To ebonize small pieces that will stand some scraping or light sanding, I have used multiple coats of a magic marker. It will raise the grain a bit, and so there is an iterative series of light sanding and marker-dying steps. It's a lot like brushing on analine dye, but penetrates more deeply. It also needs to be sealed with shelac - we have all seen how marker ink will bleed.
you should clarify wether to use a low angle plane. One article contrasts the other.
Ebonizing can be carried all the way through a piece of wood if done properly but it takes study and care.
beautiful
Garrett, Nice article. BTW it looks like you ebonized your thumb nail with a hammer.

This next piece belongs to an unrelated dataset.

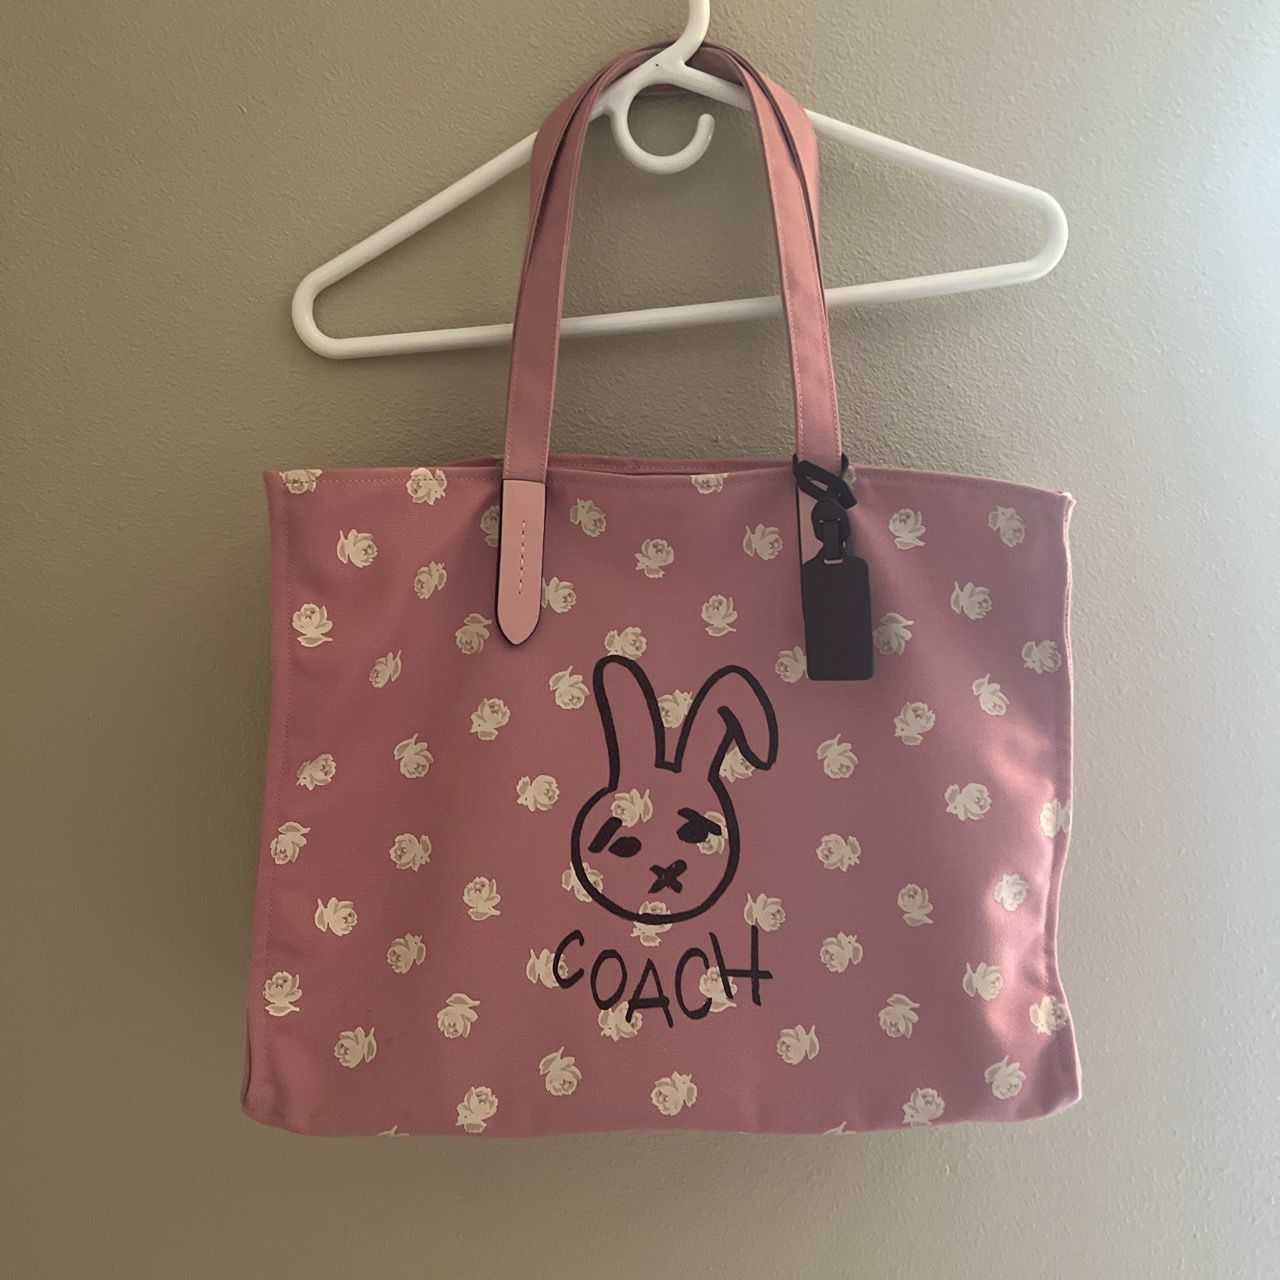 Coach Bunny Graphic Pink Canvas Tote Handbag Bag

What a shame the way we dont appreciate natural things of beauty--
I love ebony and in south Africa our local equivalent
is called "Hardekool" It is white around the sapwood with a hard black core. It is readilly available at the roadside
where hawkers are selling it by the bagful as firewood
regards
fred
I recently used some ebony for the first time on a jewellery box. The results were fantastic well worth the care needed to work it. I too found the a steeper angled plane and a scraper worked best and that when initially dimensioning the stock it took the edge off the table saw blade as if it was made of concrete !!! The only down side, apart from the cost, was that I seem to have a reaction to the dust if it came into contact with my face even though I wore a mask. I think if I use it again I will try wet sanding to try and stop airborn dust particles causing problems.
Hardekool (Afrikaans name), Leadwood (English name), Combretum Imberbe (scientific name) is NOT ebony.